Pentucket Regional Elementary Students Showcase Their Inventions at National Convention

Madelyn Grimes, a sixth grade student at Helen R. Donaghue School in Merrimac, will be showcasing her invention, the Glow Feeder, during the remotely held Annual Invention Convention U.S. Nationals this June. She presented her project at an in-person fair earlier this school year. (Photograph courtesy Pentucket Regional School District.)

Five elementary school students in the Pentucket Regional School District will represent the Northern New England region in the remotely held Henry Ford Annual Invention Convention U.S. Nationals next month.

Superintendent Justin Bartholomew said sixth grade students at the Helen R. Donaghue School in Merrimac and Dr. John C. Page Elementary School in West Newbury participated in the Young Inventors’ Program this school year as part of the district’s STEM curriculum.

Students taking part in the national competition were sixth grader Jackson Miller, sixth grader Owen McDonald, fourth grader Camden Miller and fifth grader Charlie Botto, all students at the Page School, and Madelyn Grimes, a sixth grade student at the Donaghue School in Merrimac.

Grimes received the Animal Welfare award for her invention, a “Glow Feeder.” She developed a pet-feeding center with bowls that light up when pets finish eating, which allows everyone in a household to know the pets have been fed.

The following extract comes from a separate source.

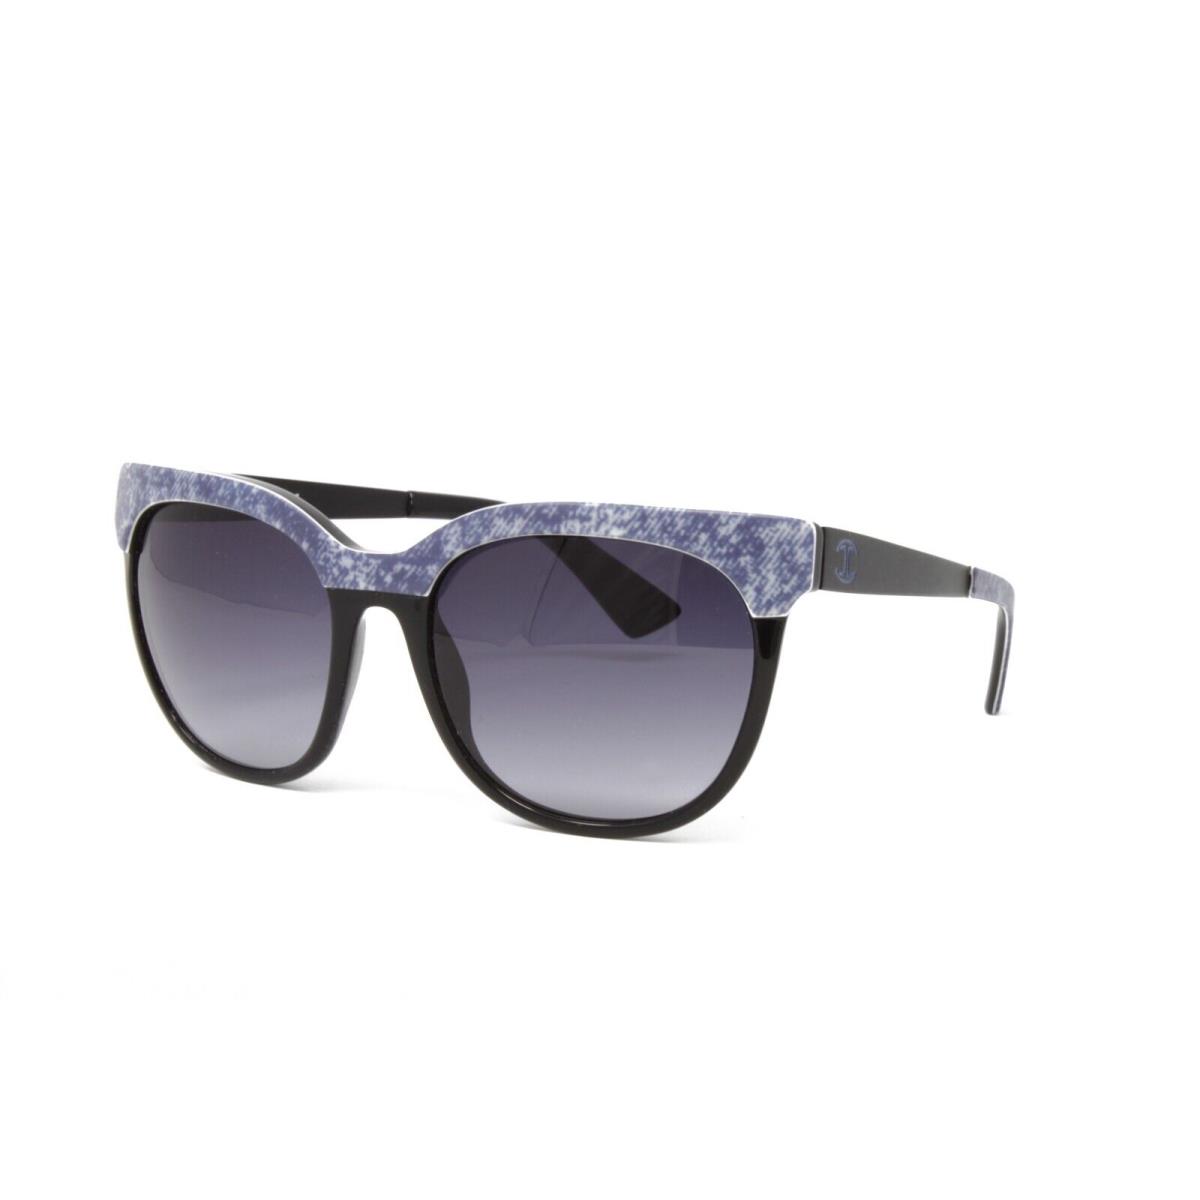 Just Cavalli Women`s Sunglasses JC501S 05W Black Denim 54mm Grey Gradient Lens

McDonald and Jackson Miller received both the Entrepreneurship and the Health and Wellness Awards for their Thermosleeve, a heated physical therapy sleeve that promotes blood flow and helps reduce pain.

The initiative was led by Susan Simmons, a science, technology, engineering, arts and mathematics—STEAM, for short—teacher at the Page, Donaghue and Dr. Frederick N. Sweetsir Elementary Schools and Hilary Seager, a sixth-grade teacher at the Page Elementary School. Seager also offered an after-school inventors program this school year at the Page Elementary School for students in grade three through five.

“As a district we recognize the importance of the STEAM philosophy and embrace opportunities where students can connect their learning in the areas of science, technology, engineering, and math with arts practices, elements, and design principles,” Seager said. “The STEAM curriculum challenges students to identify and solve real world problems through the engineering and design process.”

Simmons said the students “worked hard and persevered through many iterations of their invention designs to come up with successful and marketable products that solve real world problems.”

The students will give presentations on their inventions during the national competition, which takes place online from June 3-17.